Fig. 2.

Effects of PERK haploinsufficiency on memory deficits and cholinergic neurodegeneration in 5XFAD mice. (A, B) Mice were trained with two CS-US pairings for contextual fear conditioning (wild-type, n = 22; PERK^+/−, n = 24; 5XFAD, n = 28; PERK^+/−·5XFAD, n = 27). Freezing behavior was assessed during training session (B) as well as 24-h memory retention test (A). 5XFAD mice showed significantly lower levels of contextual freezing than wild-type mice when tested 24 h after training. Note that PERK^+/−·5XFAD mice were rescued almost completely back to wild-type control levels of contextual memory. (C) Brain sections were immunostained for the cholinergic marker ChAT. Shown are representative photomicrographs of ChAT-immunoreactive neurons in the medial septum of mice.
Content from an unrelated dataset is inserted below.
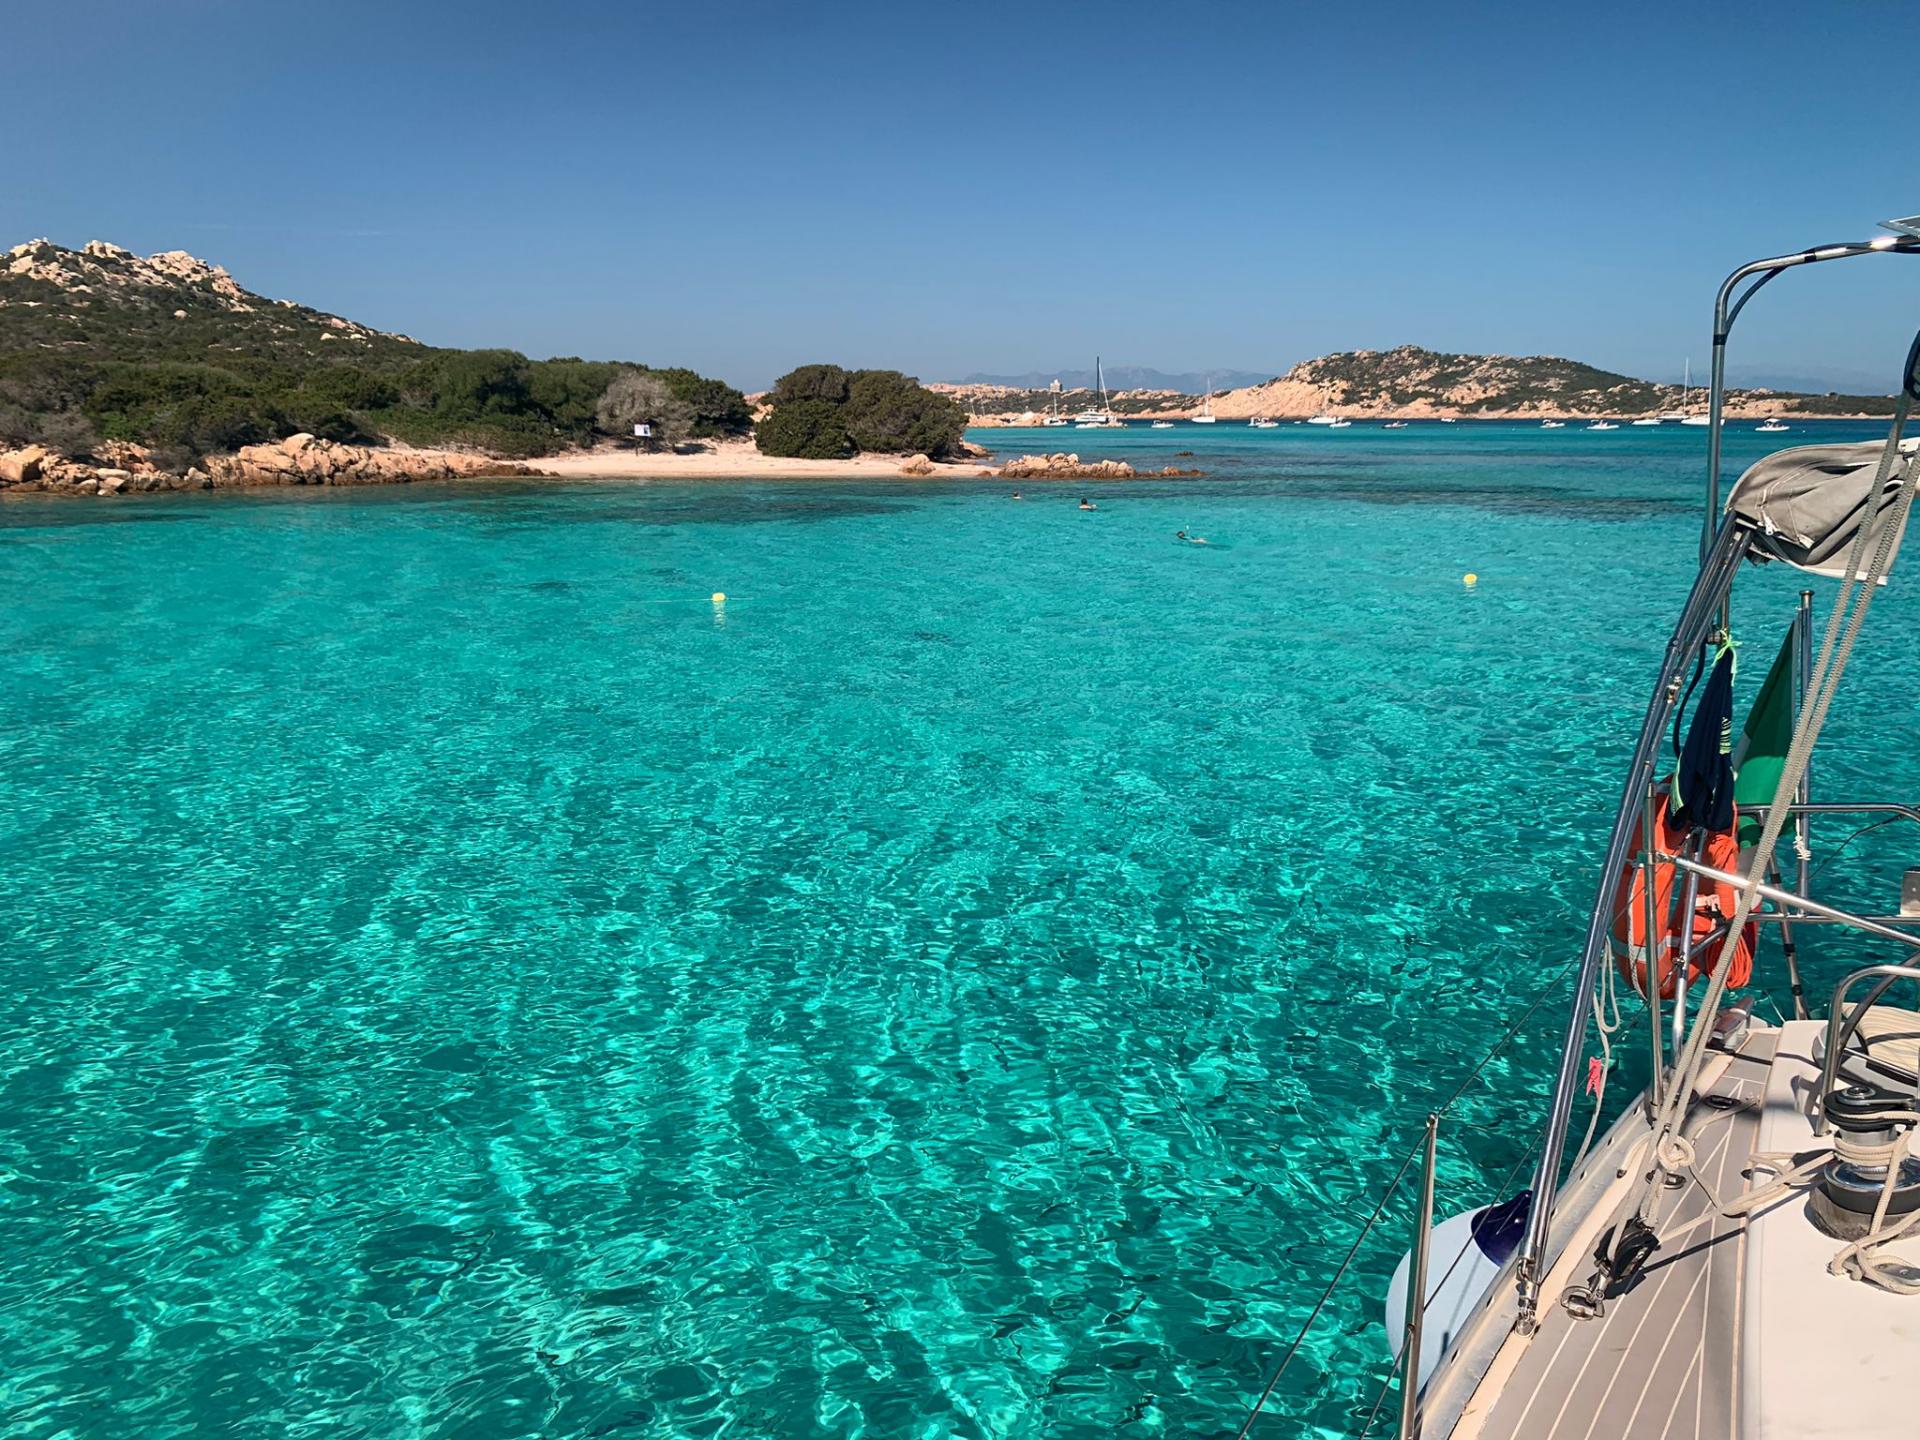 Sailing boat in the crystal clear sea in the Corsica Archipelago between Lavezzi and Piana Island
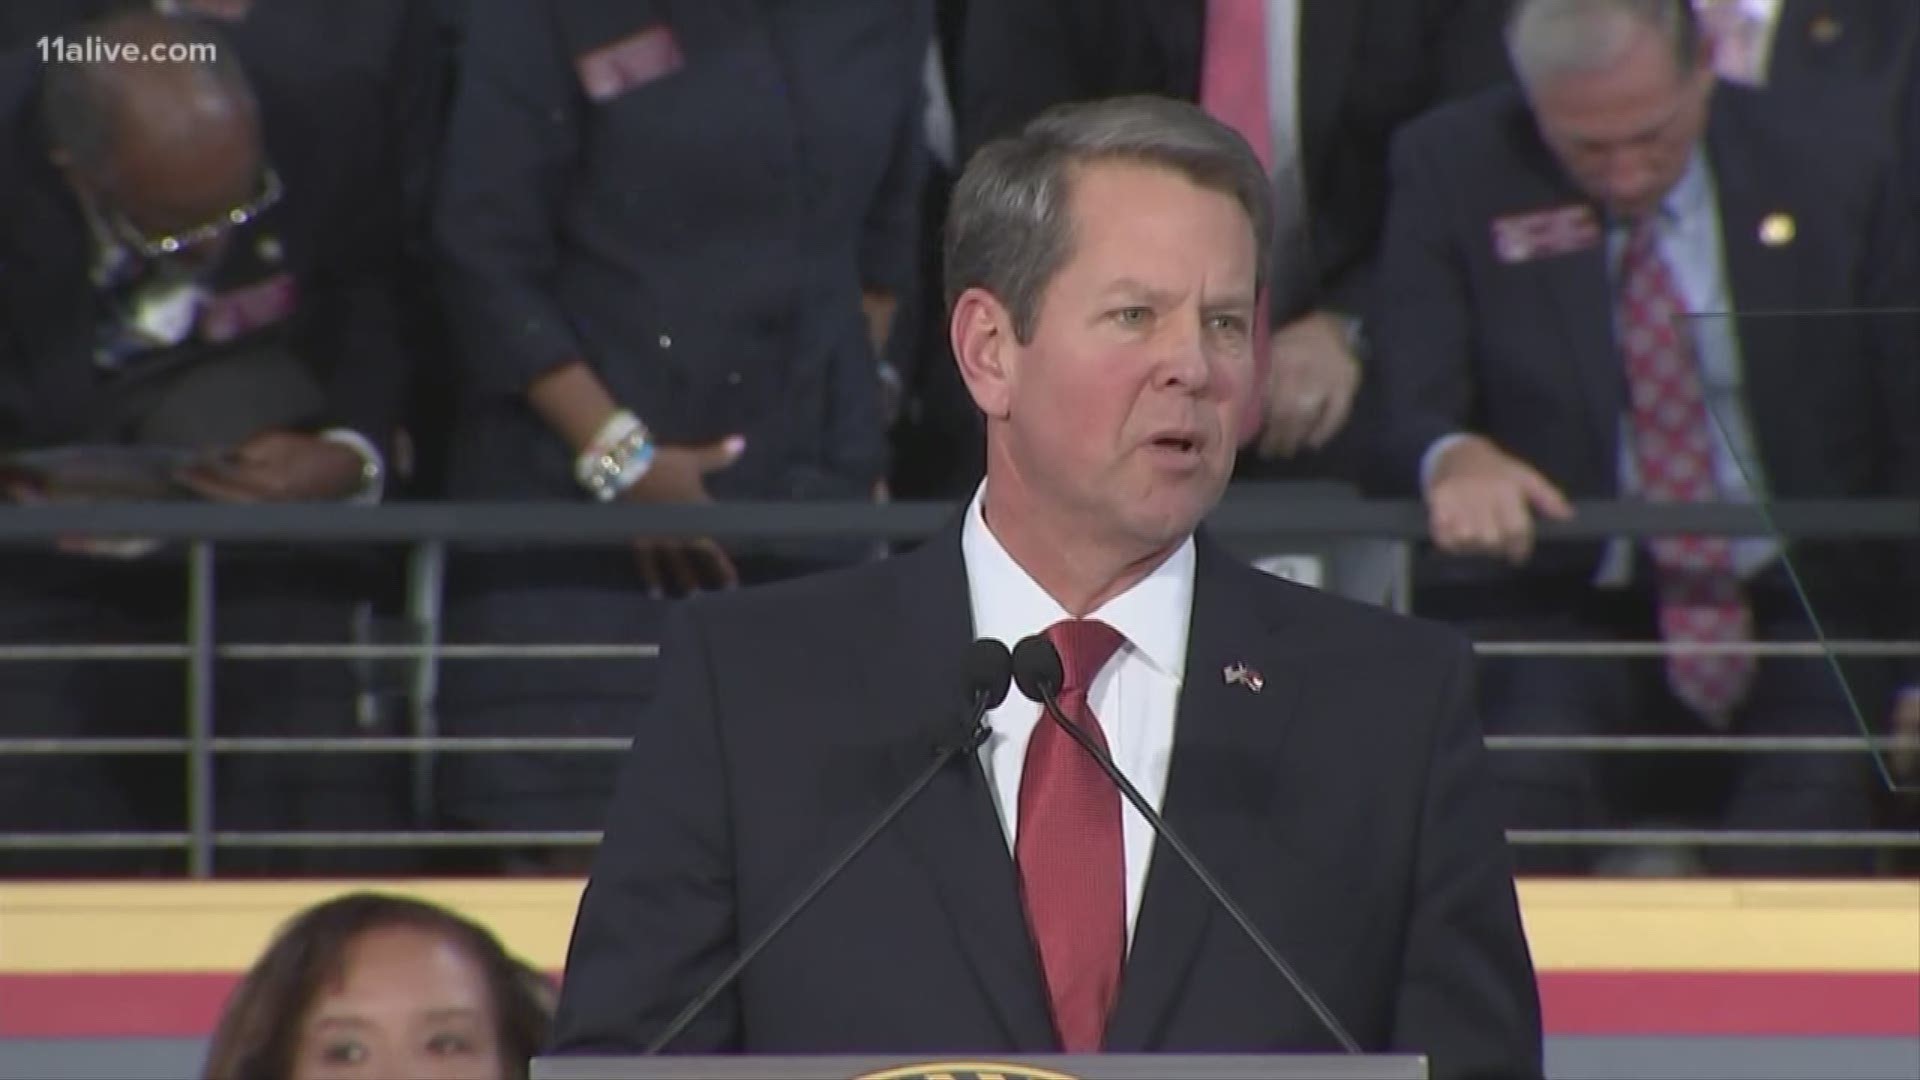 In his inauguration speech, Governor Brian Kemp outlined his plans to build up rural Georgia and the economy, his promise to support teachers and crack down on drugs.

Scale bar = 200 μm. (D) The number of ChAT-positive neurons in the medial septum and the vertical limb of the diagonal band (Ch1/2), which provide the cholinergic innervation to the hippocampus, was counted for quantification (wild-type, n = 4; 5XFAD, n = 4; PERK^+/−·5XFAD, n = 5). Note that PERK haploinsufficiency almost completely prevented cholinergic neurodegeneration in 5XFAD mice. All data are presented as mean ± SEM and were analyzed by one-way ANOVA followed by post-hoc Fisher’s PLSD test (* p < 0.05 vs. wild-type, ^# p < 0.05 vs. 5XFAD).